At approximately 6:45 p.m., St. Louis County police vehicles arrived on the scene and officers began to form a line in the center of the street, facing the throng. As they took formation, the mood began to shift.
"What is your purpose here?" a woman shouted through a bullhorn. "What is your jurisdiction? Identify yourselves, please." Outfitted with riot protection helmets and armed primarily with batons and shields, the officers offered no response.
Protesters question the police about their names and jurisdictions in the absence of identification. (All videos by Daniel Hill for RFT.)
DeAndre Perryman, a season four American Idol finalist who was at the scene, approached Riverfront Times and pointed at the line. "The police are not wearing nametags," he said. "They don't want us to identify them, just like they won't identify the killer." As he spoke, a woman walked past, ominously advising all in attendance to "pull your masks up now."
"We've been keeping it positive out here," Perryman continued. "There's no rioting, no looting. It was like this last night too. Every time the police show up, that's when things get frustrating."
As the county officers blocked the southbound lanes of West Florissant at Northwinds Estates Drive, directing traffic to turn around and head back north, two armored vehicles approached from the south. By this time the "Hands up; don't shoot" refrain was getting louder, as the protesters stood steadfast on their side of the street. Occupants in redirected cars shouted "fuck the police" and "no justice, no peace" as they passed, and demonstrators increasingly began to cover their faces with T-shirts and other makeshift masks.

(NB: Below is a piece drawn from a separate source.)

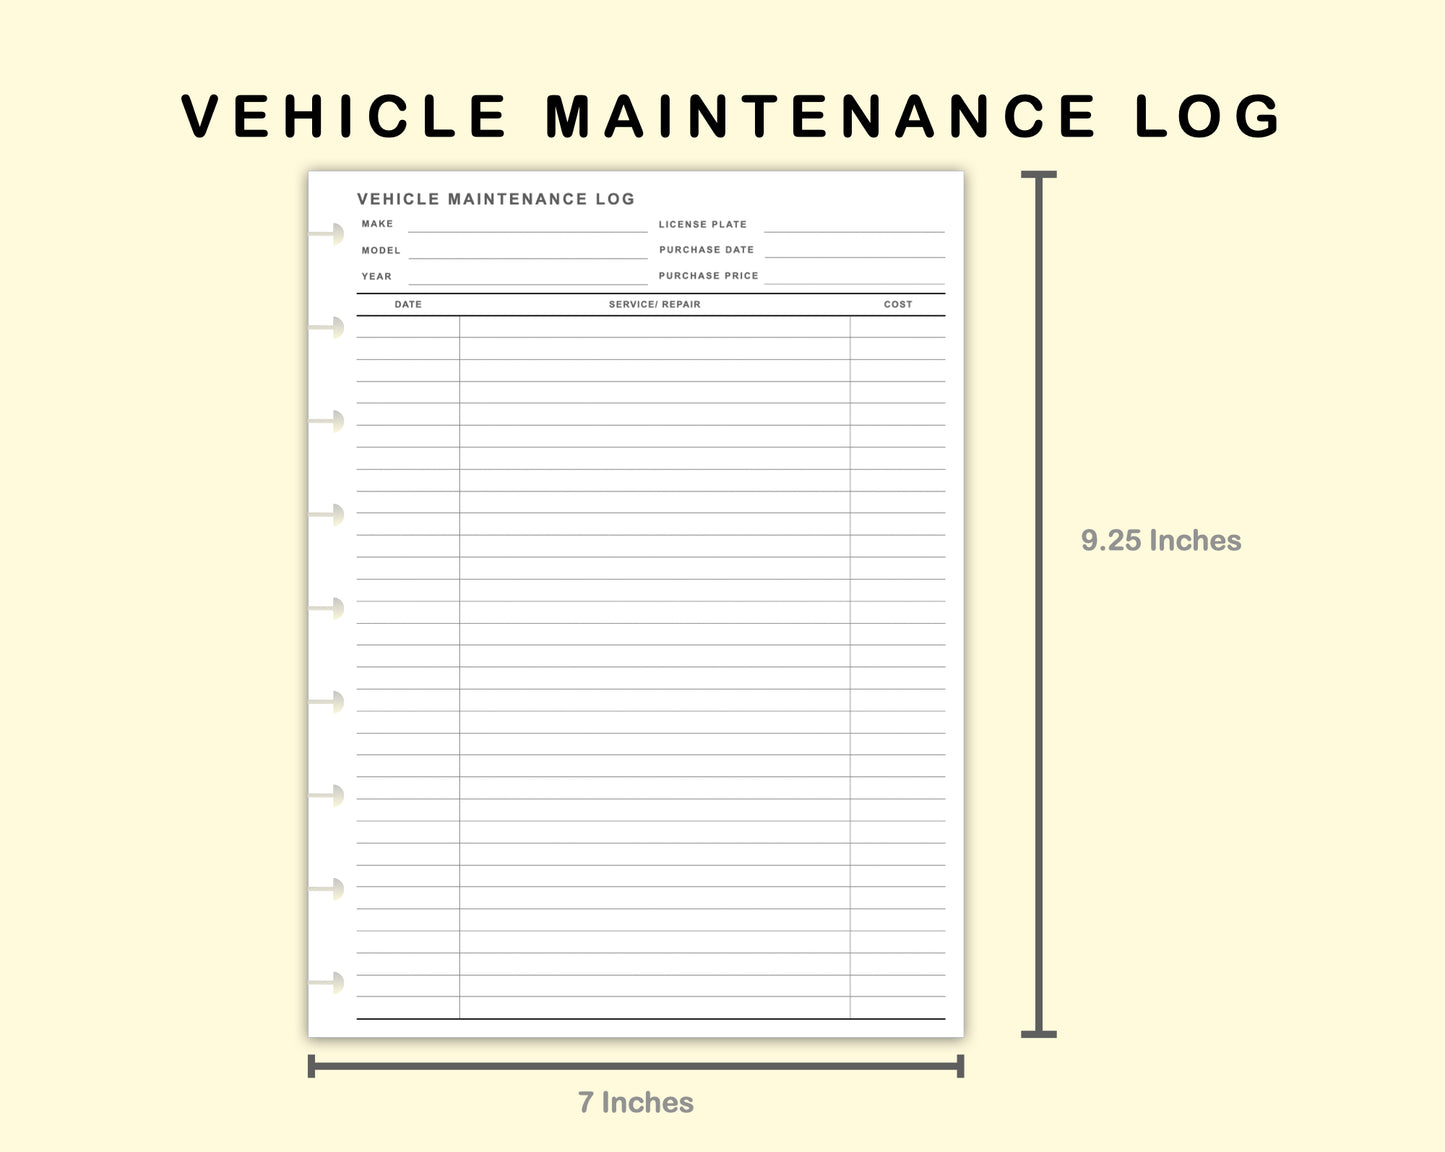 Classic HP Inserts - Vehicle Maintenance Log

The county police force is replaced by heavily-armored officers carrying assault rifles.
Just before 7 p.m. the line of baton-toting county patrolmen got into their cars and left as officers equipped with M4 carbine rifles took their place, wearing camouflage pants and vests loaded with extra magazines over their body armor. The armored vehicles, equipped with sound cannons, remained parked in the street just south of the Quiktrip. Lying prone on top of one of them, an officer peered down the scope of his rifle, which he had trained directly at the crowd.
Within only 30 minutes, and without any violence or crime committed by those assembled, the scene in Ferguson had moved from peaceful protest to occupied territory.

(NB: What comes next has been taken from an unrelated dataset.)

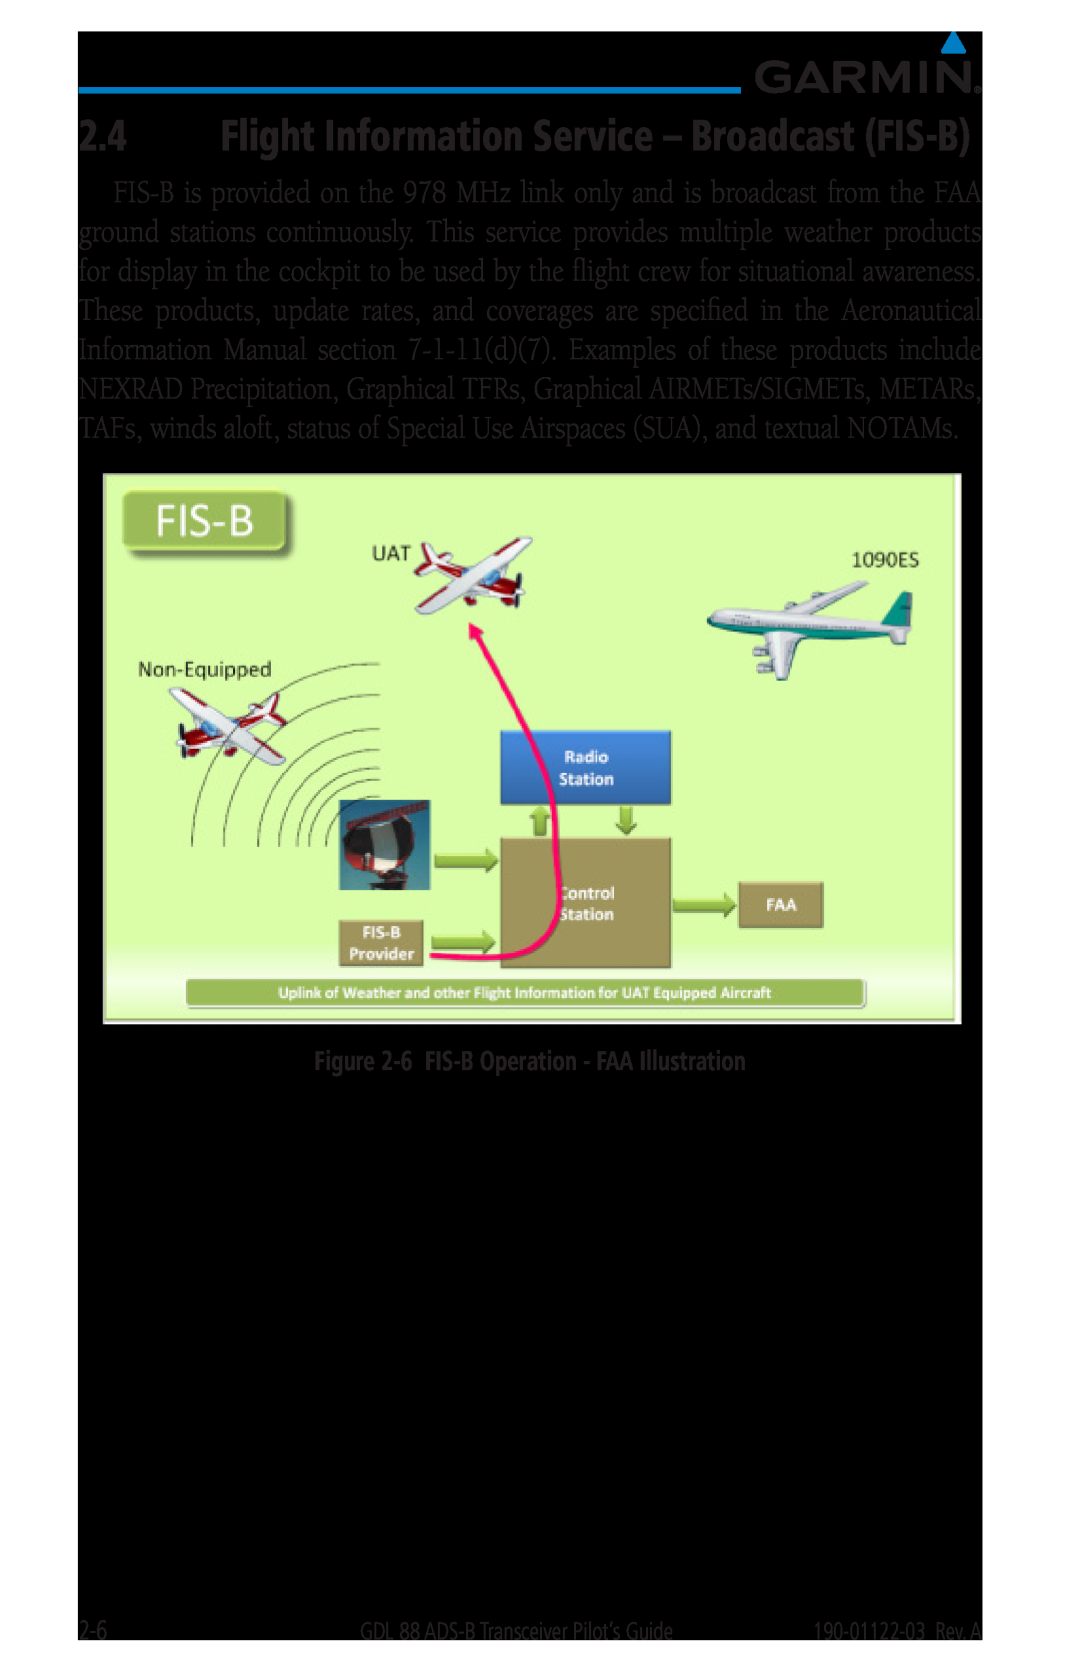 Garmin GDL 88 manual Flight Information Service - Broadcast FIS-B, 6 FIS-B Operation - FAA Illustration

A woman forced to turn around at the blocked street stopped and addressed a nearby cameraman who was working with one of the local news stations. "They're walking all over our rights!" she exclaimed in frustration. "This isn't Iraq. This is America."
Angrily, she continued, "And ya'll don't report on it. I want to see this on the news tonight!"
As tensions continued to rise, that apparent dissatisfaction with the media hit close to home when one protester addressed Riverfront Times directly. "We don't want you here," she said, catching me scribbling on a notepad. "You are not welcome. Your service is done."
Another woman walked up and down the line of demonstrators, asking that everyone step out of the street. "They can't make us leave if we're on the sidewalk," she explained. Within minutes, however, the crowd dispersed at the insistence of the now heavily militarized force, which had increased greatly in numbers and moved to a position south of the Quiktrip, in front of the armored trucks. The assembly began walking in a group to the Christ the King United Church of Christ on nearby Old Halls Ferry Road, where the Reverend Al Sharpton and members of Mike Brown's family would speak.
The protesters leave the scene at the behest of the police.
"We outsmarted them," said one protester, who asked not to be named. "They wanted us to act up. This is how it started yesterday, when they showed up with tear gas. The police are the ones causing the problems."
"But they are not going to get what they want," she continued. "We're too smart."